其中$F:R^n\to R^n$是一个非线性映射.

一个${\rm NCP}\left(F\right)$可转化为寻找一个极大单调算子$T$的零点问题.由Martinet[1]提出的邻近点算法, 将极大单调算子的零点问题转化为一个极大包含问题.将极大单调包含问题中的线性项用非线性项代替, 使上述问题转化为非线性方程组的问题, 此类算法称为LQP算法.

He[2]、Bnouhachem [3]、Noor和Bnouhachem [4]、Xu [5]引进了基于"预测校正方法"的LQP算法, 能很好的求解上述非线性方程组问题.

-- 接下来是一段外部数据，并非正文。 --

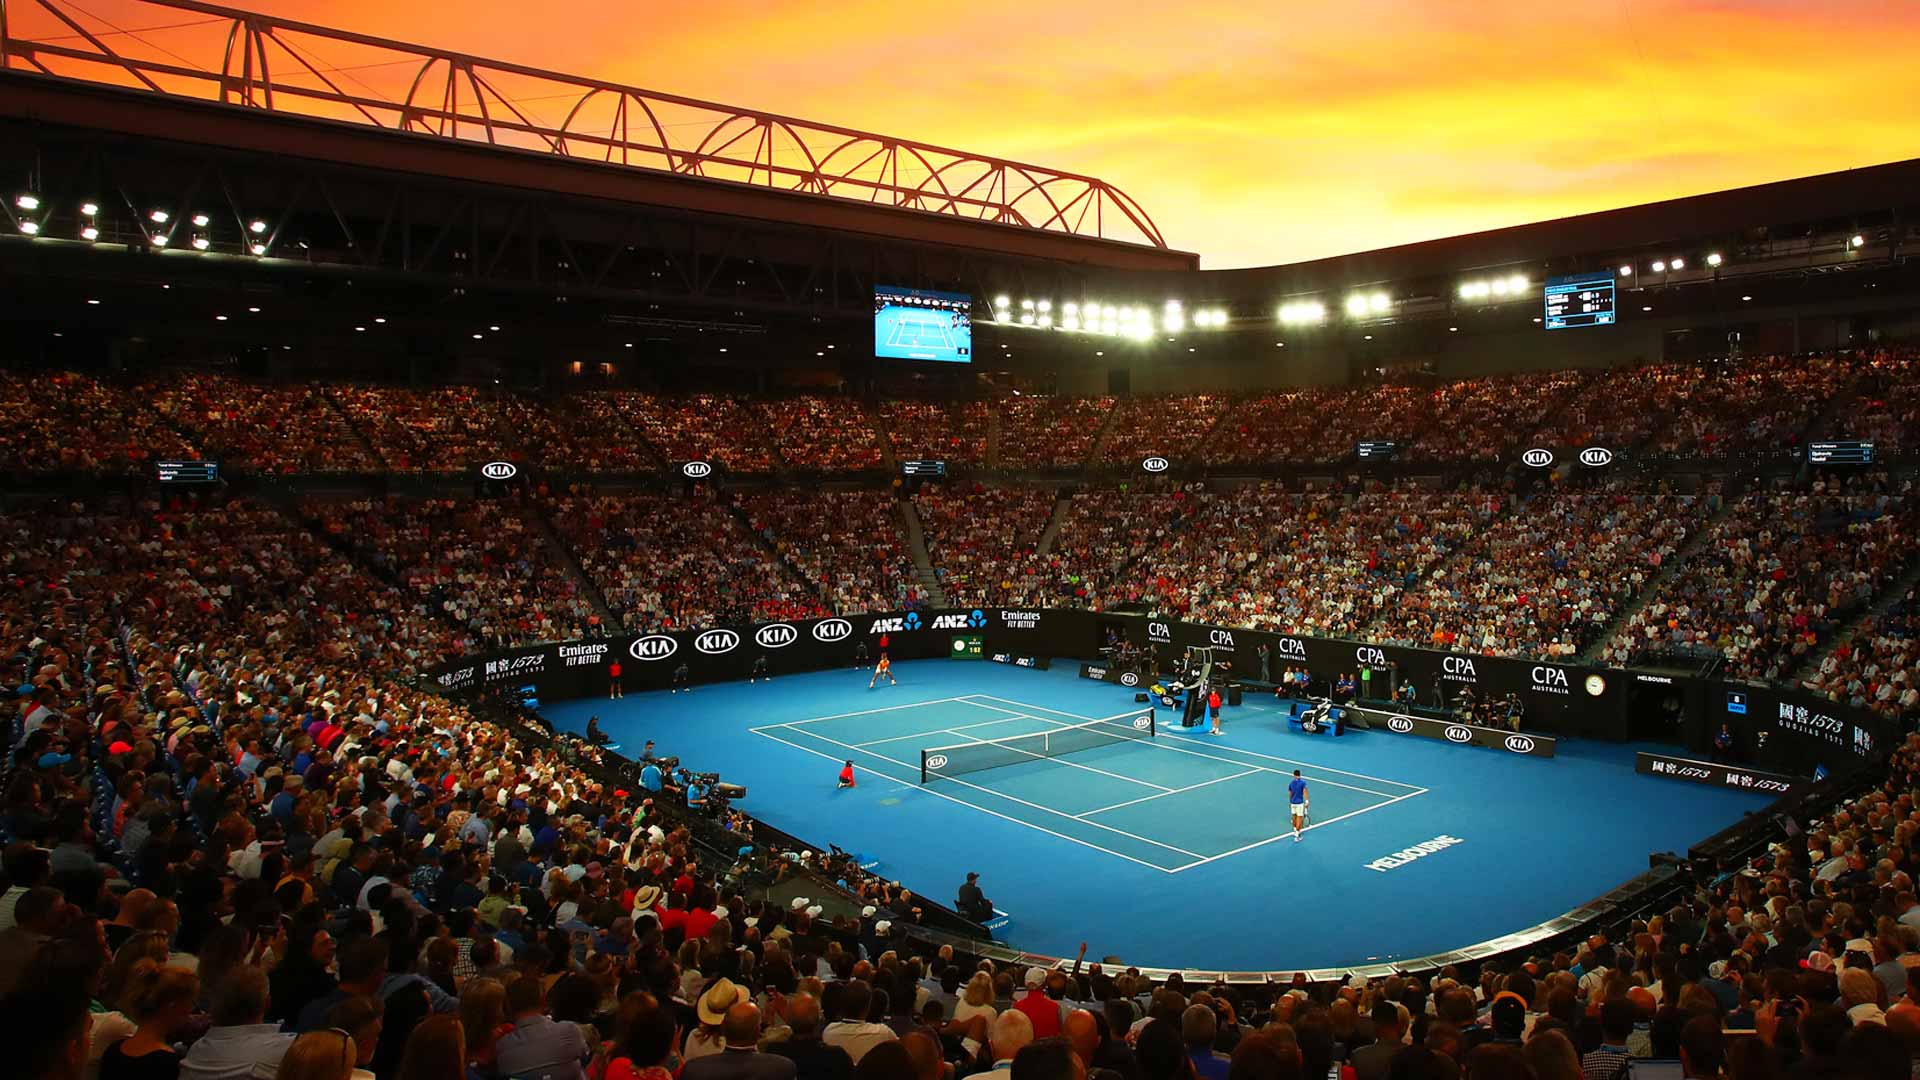 Australian Open Wallpapers - Top Free Australian Open Backgrounds ...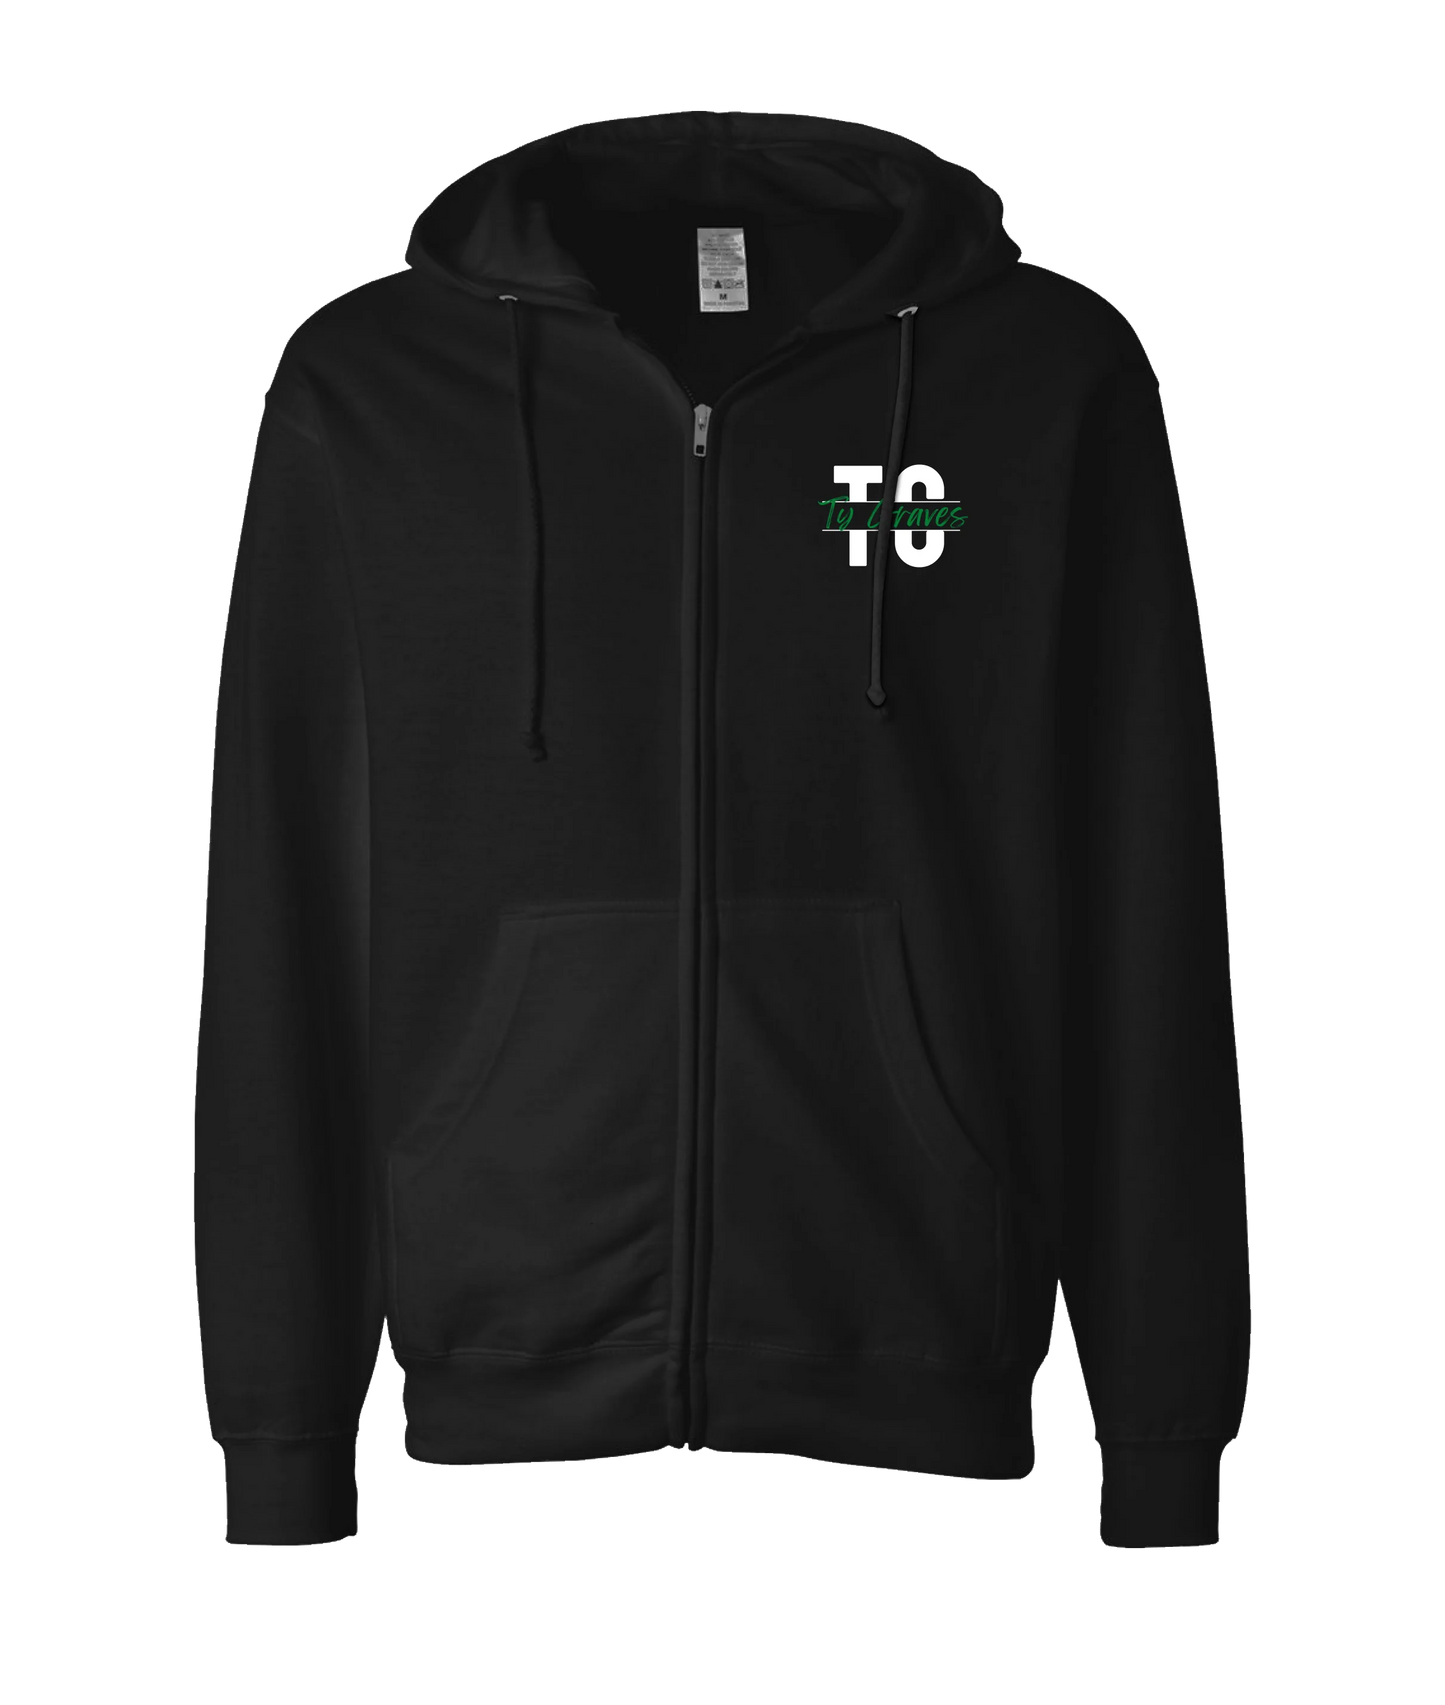 Ty Graves - Logo 2 - Black Zip Up Hoodie

预测校正方法, 在每次迭代过程中包括两个步骤:预测步与校正步.预测子(predictor)是通过在一个误差准则下近似求解LQP方程组获得的; 校正步, 亦称迭代步(new iterate), 一般是由一个投影算子表示的.

例如Noor和Bnouhachem在文献[4]中, 提出了如下算法:

步骤1  寻找近似解$\tilde {x}^k$, 使得

$ 0\approx \beta _k F(\tilde {x}^k)+\tilde {x}^k-x^k+\mu X_k \log \frac{\tilde {x}^k}{x^k}=:\xi ^k, $

其中$\left\| {\xi ^k} \right\|\le \eta \left\| {x^k-\tilde {x}^k} \right\|$, $\eta \in \left( {0, 1} \right).$

步骤2  对$\alpha >0$, $x^{k+1}\left( \alpha \right)$是下面方程组的正数解:

$ \left( {\frac{1-\mu }{1+\mu }} \right)\alpha \beta _k F(\tilde {x}^k)+x-x^k+\mu X_k \log \frac{x}{x^k}=0. $

Yuan在文献[6]中提出了以下算法:

步骤1  寻找$\tilde {x}^k\in R_+^n $, 满足$0\approx \beta_k F(\tilde {x}^k)+\tilde {x}^k-\left( {1-\mu } \right)x^k-\mu X_k^2 \left( {\tilde {x}^k} \right)^{-1}=:\xi ^k, $其中$\xi^k$满足如下误差准则:

$ \left\| {\xi ^k} \right\|\le \eta \sqrt {1-\mu ^2} \left\| {x^k-\tilde {x}^k} \right\|. $

步骤2  令$x^{k+1}\left( {\alpha _k } \right)=P_{R_+^n } \left[{x^k-\alpha _k \frac{\beta _k }{1+\mu }F\left( {\tilde {x}^k} \right)} \right]$.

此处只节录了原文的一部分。